I think this video clip is wonderful.
Just to be able to celebrate life.
To the surviours and their familes, the world must never be allowed to forget, that so few did survive.
This is not disrespectful.
It say's we are still here, we are alive, we will go forth & multiply.
good on ya....

Ariel said...

I have mixed feelings. I think that it was good that they were dancing outside the box cars rather than in them and I think that a survivor has the right to celebrate his survival however he so chooses.
I think it's important to note that the man and his family are dancing at the sites where the Nazis tried to murder him rather than somewhere like Yad Vashem. I definitely would have liked to hear more about what Adolk himself thought of this as well as the controversy it has caused.
Personally, I would rather dance in Hitler's own house in Berchtesgaden, on top of the Wolf's Den (where Hitler died), or where the Wannsee Conference took place.

Eileen Freed said...

Liked your take. I LOVED this video! A real celebration of life and survival.

Kris Few said...

it's great because they are letting go of the pain from the past and forging happy memories in it's place. to hang onto the pain of the past does nothing for you but to move forward in victory is a true blessing!

Michael Zwick said...

However we feel is irrelevant. Survivors have earned the right to do whatever they want on those horrific sites.

Neal Elyakin said...

I agree with Michael; any personal thoughts we have are overridden by the survivors.

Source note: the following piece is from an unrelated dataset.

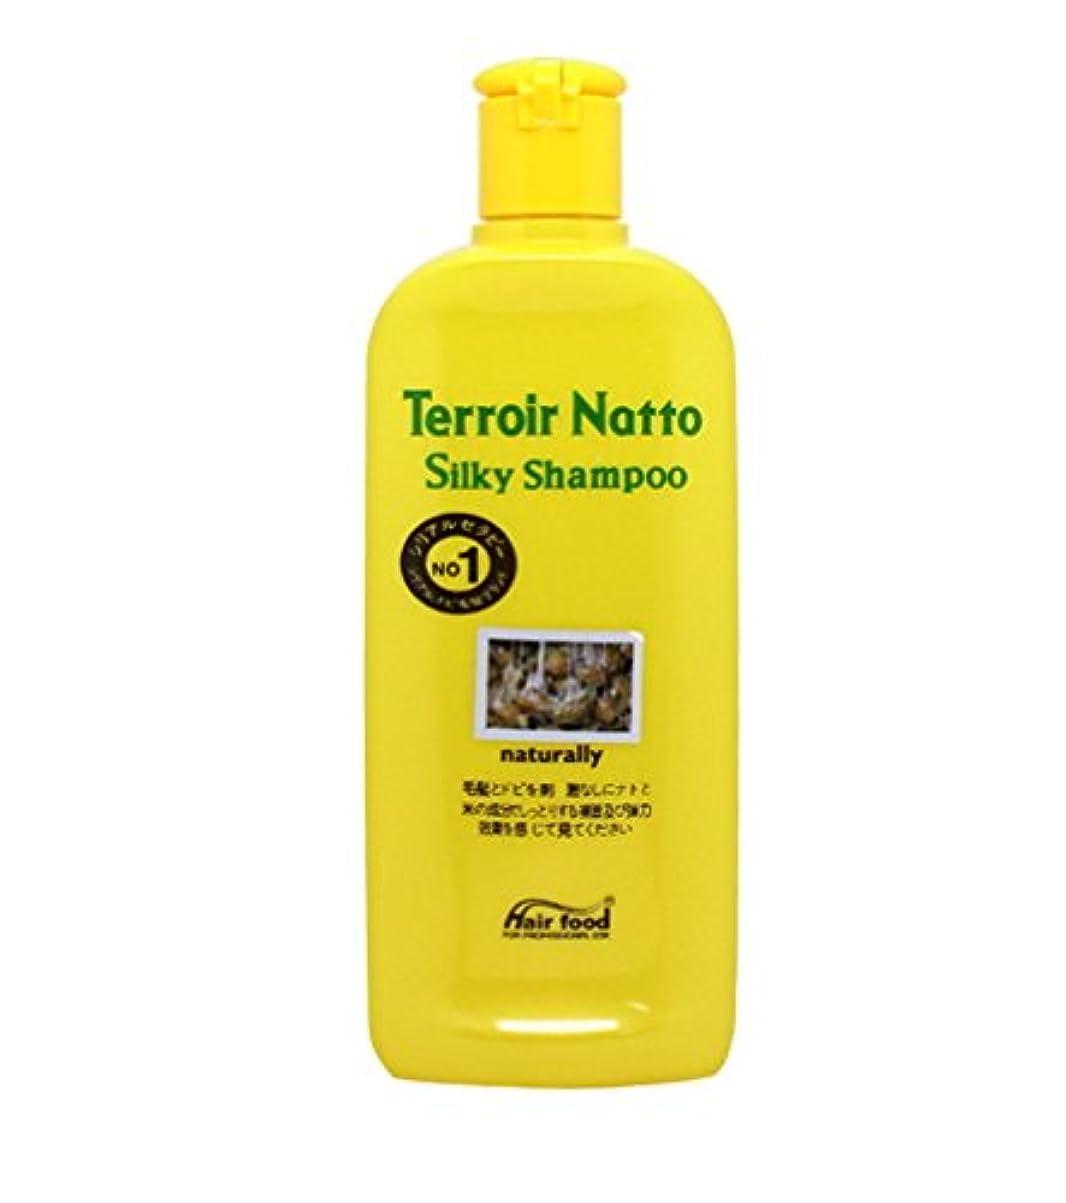 距離悲惨うつ[MEDICIJAPAN/メディシュジャパン] Hair Food Terroir Natto Silky Shampoo 200ml/ ヘアフードテロワール納豆シルキーシャンプー(海外直送品)

Jennifer Kief-Khalaf said...

Wow. I think anything that brings attention to the Holocaust is good. We can never forget. The video gave me chills; the pour souls that had to suffer there is very very sad. I'm happy that this family is celebrating life. L'chaim.

Daniel R. Weiss said...

I had a lot of issue with this until a friend told me that it really was worth watching. My issue dealt more with the somberness of the location. Would we dance in a cemetery? Aren't all of the camps, perhaps even all of Poland a cemetery. Having been to Poland twice and visiting the camps, ghettos and museums, with survivors, I think that there are other, better ways that the sentiments could have been displayed.

Years ago, Subliminal and Miri ben Ari did a video together that featured the Bat Sheva Dance Company.

People asked the same question then about appropriateness.

I remember learning about @Martin Baranek, the survivor who accompanied one of my groups to Poland, who during his first visit back to Birkenau, walked in and out of the gate (time after time) while the rest of the group was waiting on the bus. When he was approached and asked why he was going in and out of the gate, he responded, I want to know what it feels to walk out of here as a free person and I am doing it now for all of my family and friends that could not.

I think that the comments by the survivor at the end makes it very meaningful.

There are many ways to find meaning. I applaud this survivor for how he related to his grandchildren and the message that he wanted to give them -

Joel Kahn said...

wow, thanks for sharing, tears, why not celebrate, such a powerful piece

Tovah Eichenbaum said...

I was very moved by this piece. It is a testament to the survival of the Jewish people and a reminder that it is through our awareness of what happened and our vigilance not to let the worst happen again that we thrive.

Sammy Averbuch said...

f#$king LOVE IT

Sherri T. Schiff said...

An affirmation of life in a place of death

Rabbi Jason Miller said...

I hope the grandkids in the video will return to Auschwitz to dance with their own grandkids in the future.

Anonymous said...

When I have seen the Youtube video for the first time, my feelings were very ambivalent. I had learnt, the Jewish people are victims and that joy of life and Holocaust together in a sentence may never fit. This video has taught me of a better one. In the historical facts there is nothing to discuss or to varnish. It was a ghastly murder. I am grateful for the fact that this family has shown that the fascism has not won.